Cancer causes pain for many reasons, and a study in 2011 found that 75% of cancer patients eventually require opiate or synthetic opioid painkillers. The problem with these painkillers is that they cause psychological addiction almost immediately and physical addiction within a week of constant use, and tolerance rapidly builds when using these drugs. A cancer patient may start on the weakest opioid painkiller like codeine, only to find themselves on the strongest possible painkillers such as hydromorphone and fentanyl within a year. At that point the patient will be hopelessly physically addicted, and also so psychologically addicted that the patient may abuse the medication in an attempt to get high, which can lead to overdose and death. Also, there are plenty of stories of patients being thrown off their pain meds after being classified as an addict, causing the patient to seek out street Heroin, which is far more lethal and expensive. Aside from this, synthetic opioids and opiates have a reputation for being strong drugs, which can cause family members or friends to steal a patient’s medication and get addicted themselves. The patient could even end up selling medications on the street since a single pill can fetch anywhere from $5 to $100, and this could land the patient in jail.

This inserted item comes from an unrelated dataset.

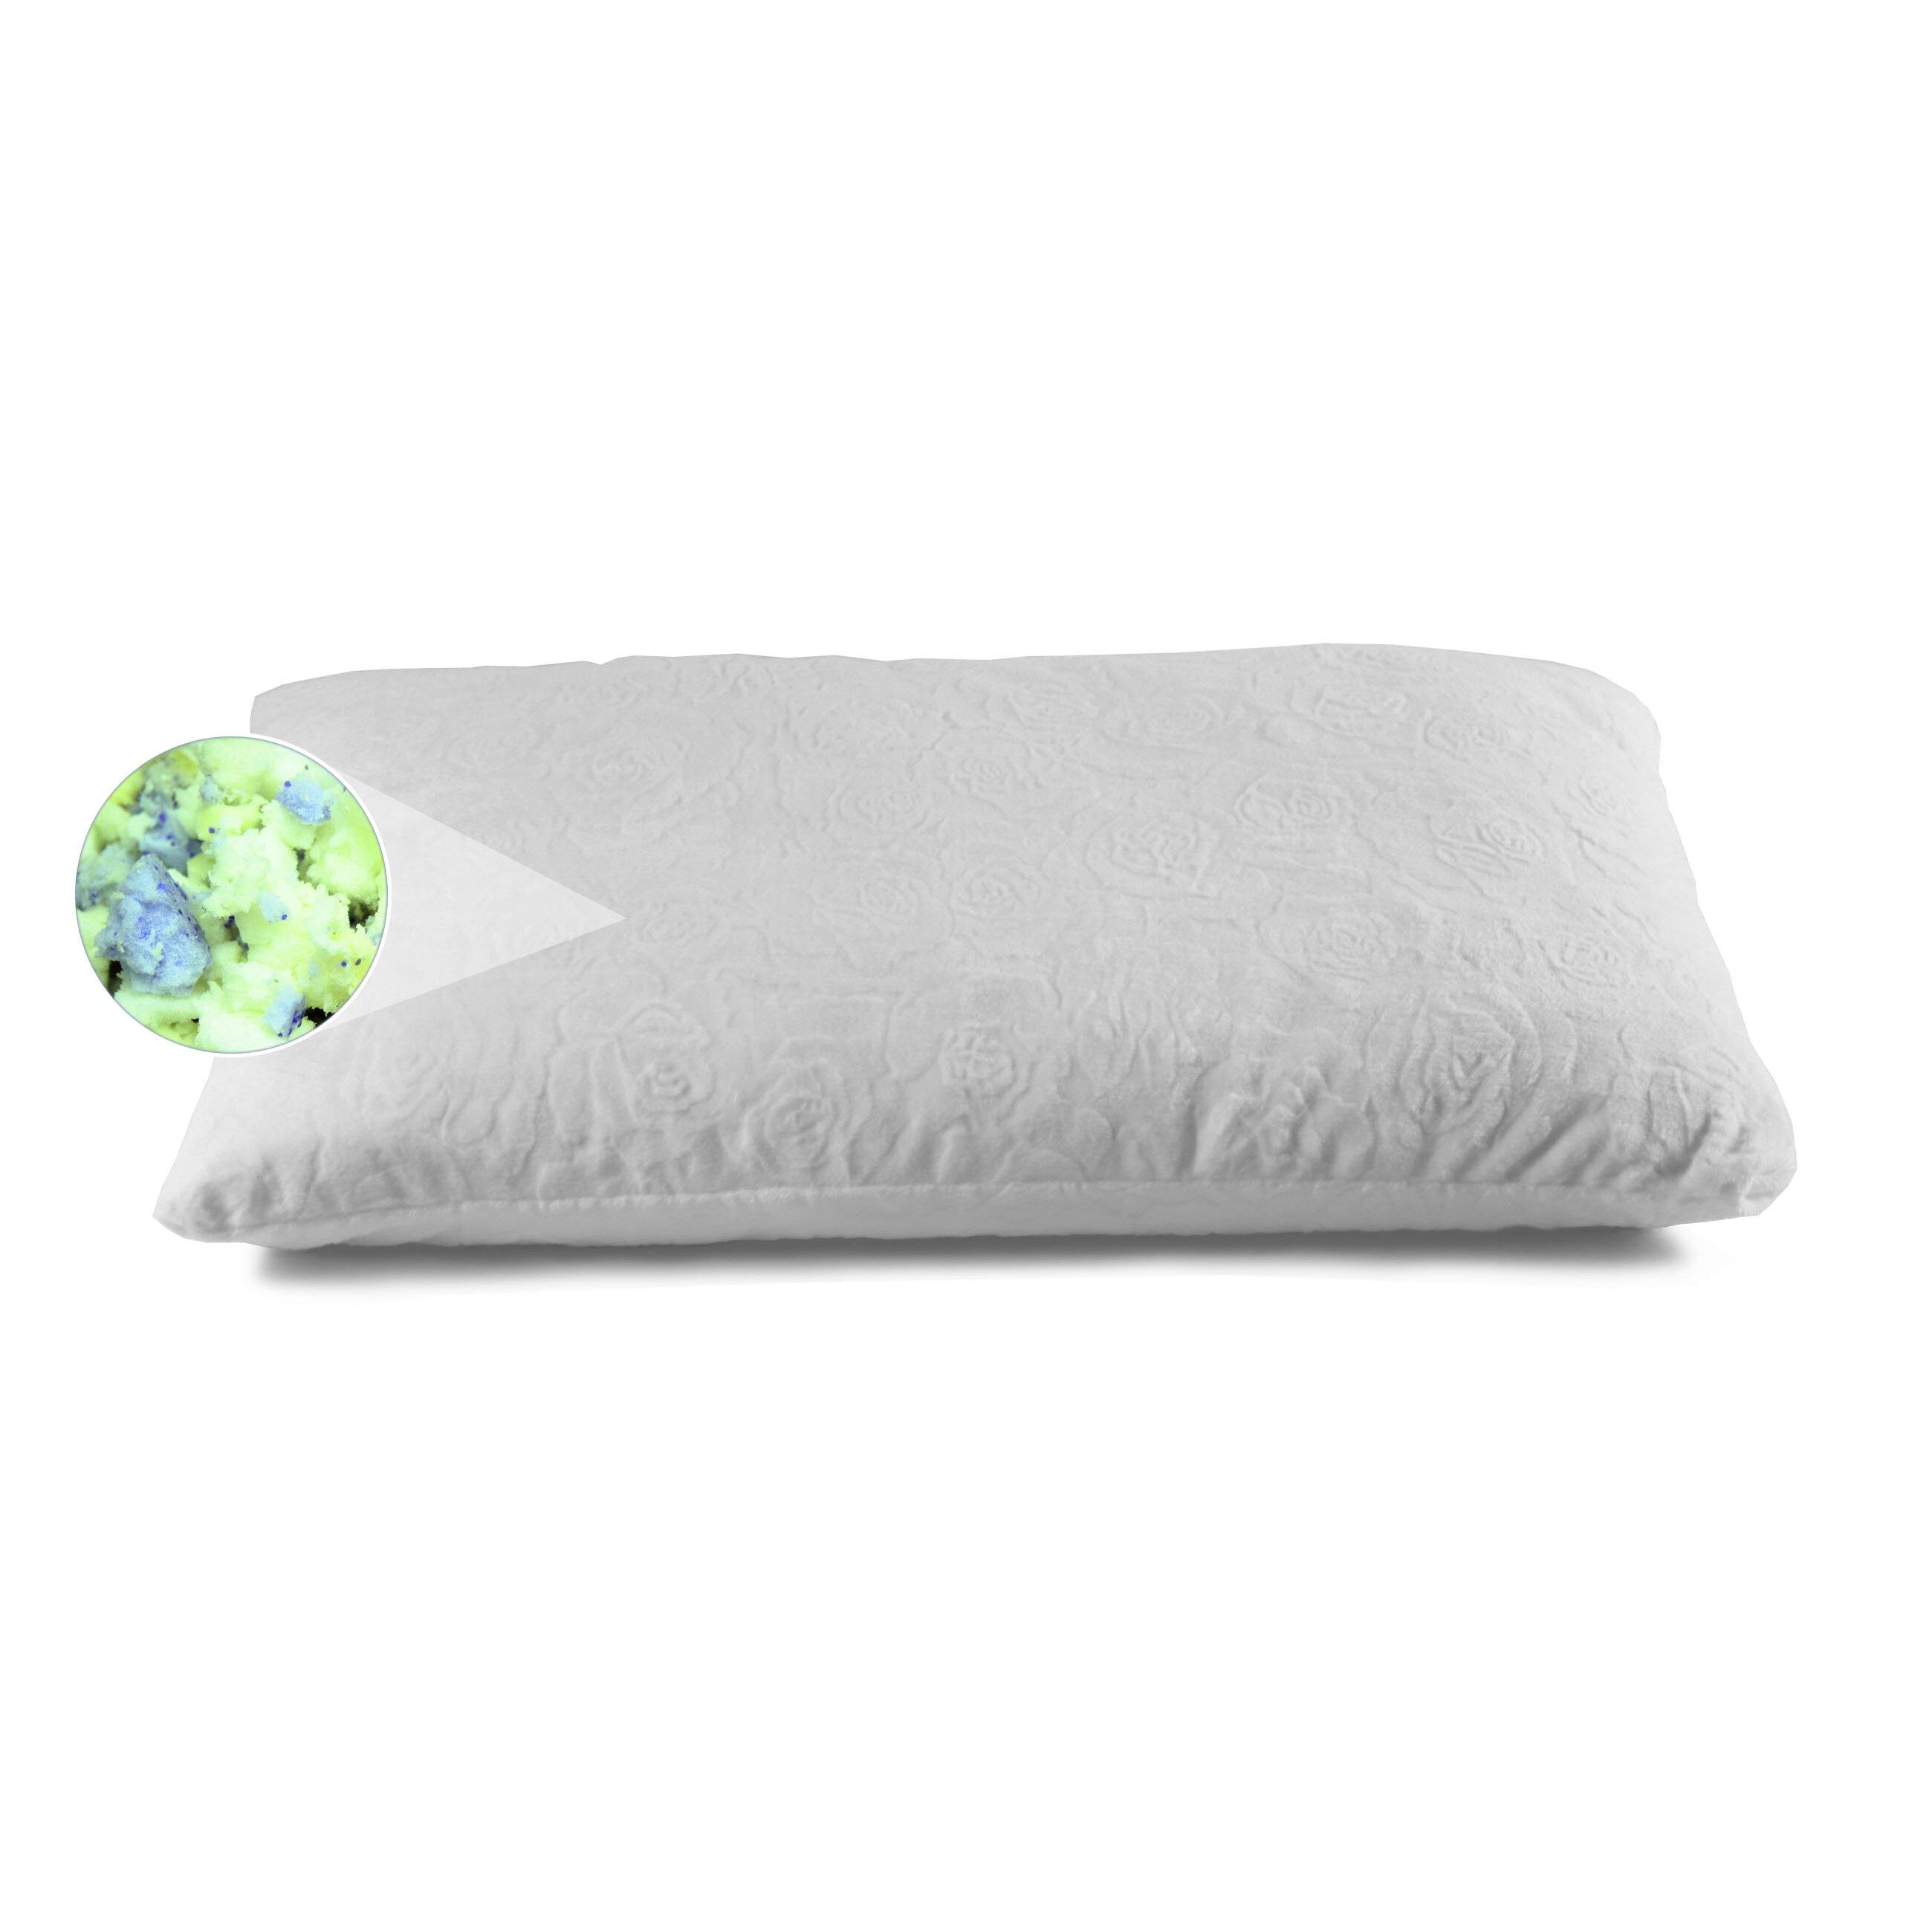 Brooklyn bedding ultimate dreams shredded gel memory foam for Bed pillows reviews

Essentially, the use of opiates and synthetic opioids to treat cancer pain is creating another deadly disease within patients: opioid addiction. There is a better way however. Kratom is a plant with opioid properties that is far safer, causing far less physical and psychological addiction, and also in its natural form an overdose is practically impossible. This article will explore the issue of opioid addiction in cancer patients, in addition to discussing how Kratom works and how it could fix this serious problem in the cancer industry.

How Opioids Work, And How They Induce The Disease Of Opioid Dependence

First off, it is important to understand how opioids and opiates work, what they are, and how addiction to these drugs is a disease.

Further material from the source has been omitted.